Data source
We collected data from the SEER database of National Cancer Institute in the United States [7]. The data was obtained using the SEER* Stat. The North American Association of Central Cancer Registries (NAACCR) documented data items and codes [8]. Primary cancer histology and site were coded by the 3rd edition of the International Classification of Diseases for Oncology (ICD-O-3).
Cohort selection
Patients with lung tumors (site codes, C34.0-C34.9) were included in this study from the year 2004 to 2014. The following histologic codes were designated as NSCLC: 8010, 8012, 8013, 8014,8015, 8020,8021,8022,8031,8032, 8046, 8050–8052, 8070–8078, 8140–8147, 8250–8255, 8260, 8310,8323, 8430, 8480, 8481,8482, 8490, 8560, and 8570–8575. Patients who did not receive radical surgery or aged 18 years or younger were excluded. In accordance with the requirement of using SEER database [9], we obtained the data agreement. Figure 1 displayed the flow chart of patients’ selection procedure in this study. SEER database conducted the follow-up for all patients, and the information of patients’ follow-up time, survival status and survival time were all recorded. Therefore we could investigate the follow-up time and OS for these patients. In this study, the missing data that could not use to assess the survival status was eliminated before statistics.
Statistical analysis
Demographic and clinical variables adopted in the further analysis included age, gender, ethnicity, primary tumor location, anatomic sites, histological subtype, tumor extent, differentiation, clinical stage, tumor size, lymph node involvement, examined lymph node (ELNs), positive lymph node (PLNs), chemotherapy and radiotherapy. Categorical variables were grouped for clinical reasons, and the decisions regarding grouping were made before data analysis. Mean, medians and ranges were reported for continuous variables, as appropriate. Frequencies and proportions were reported for categorical variables.

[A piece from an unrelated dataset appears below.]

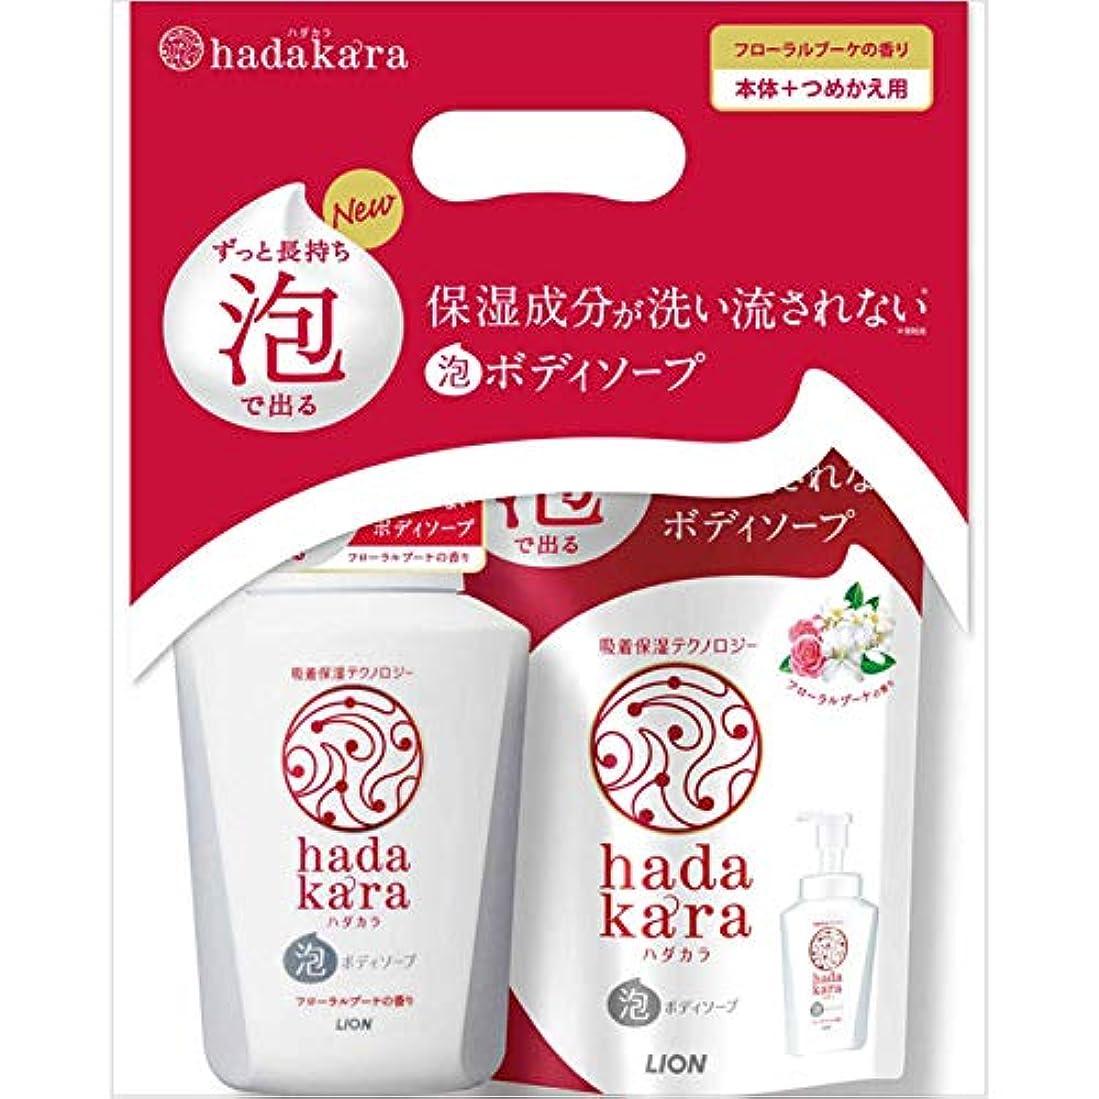 キャラバンテクニカルチャームライオン hadakara泡タイプ 本体+詰替ペアパック フローラルブーケの香り セット
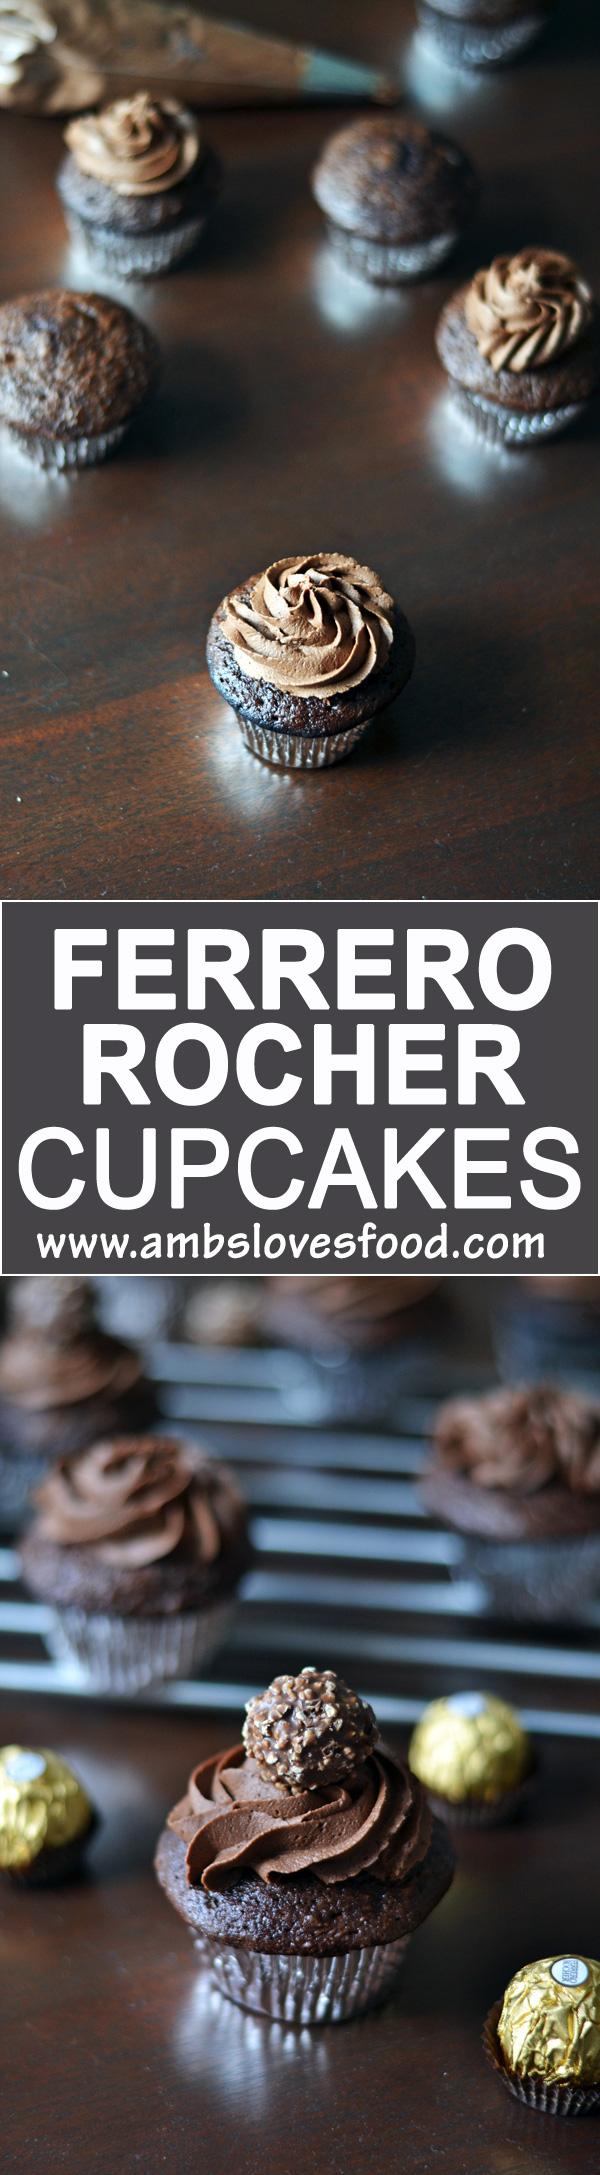 ferrero-rocher-cupcakes-pin

The primary endpoint of this study was cause-specific survival. According to the COD code, we defined the cause of death into three groups: lung cancer related, other cancer related and non-cancer related. Cumulative incidence function (CIF) was used to illustrate death rate. The CIF was compared across groups by using Gray’s test [10]. Fine and Gray competing risks proportional hazards regressions was performed to predict five- and ten-year probabilities of the three causes of death [11]. For nomogram construction, two thirds of the patients were randomly assigned to the training data set (n = 31,415) and one third to the validation data set (n = 13,465). We used restricted cubic splines with three knots at the 10, 50, and 90% empirical quantiles to model continuous variables [12]. A model selection technique based on the Bayesian information criteria was employed to avoid overfitting when establishing competing risk models (eTable S1) [13].
The performance of the nomogram included its discrimination and calibration was tested using the validation data set. Discrimination is the ability of a model to separate subject outcomes, which is indicated by Harrell C index [14, 15]. Calibration, which compares predicted with actual survival, was evaluated with a calibration plot. We used the validation set to compare the final reduced model-predicted probability of death with the observed 5 and 10-year cumulative incidence of death. The predictions were supposed to fall on a 45-degree diagonal line if the model was well calibrated. In addition, the bootstrapping technique was used for internal validation of the developed model based on 1000 resamples.
The R software (version 3.3.3; http:// www.r-project.org) was performed for all statisitcal analysis. We used R packages cmprsk, rms and mstate for modeling and developing the nomogram. The reported significance levels were all two-sided, with statistical significance set at 0.05.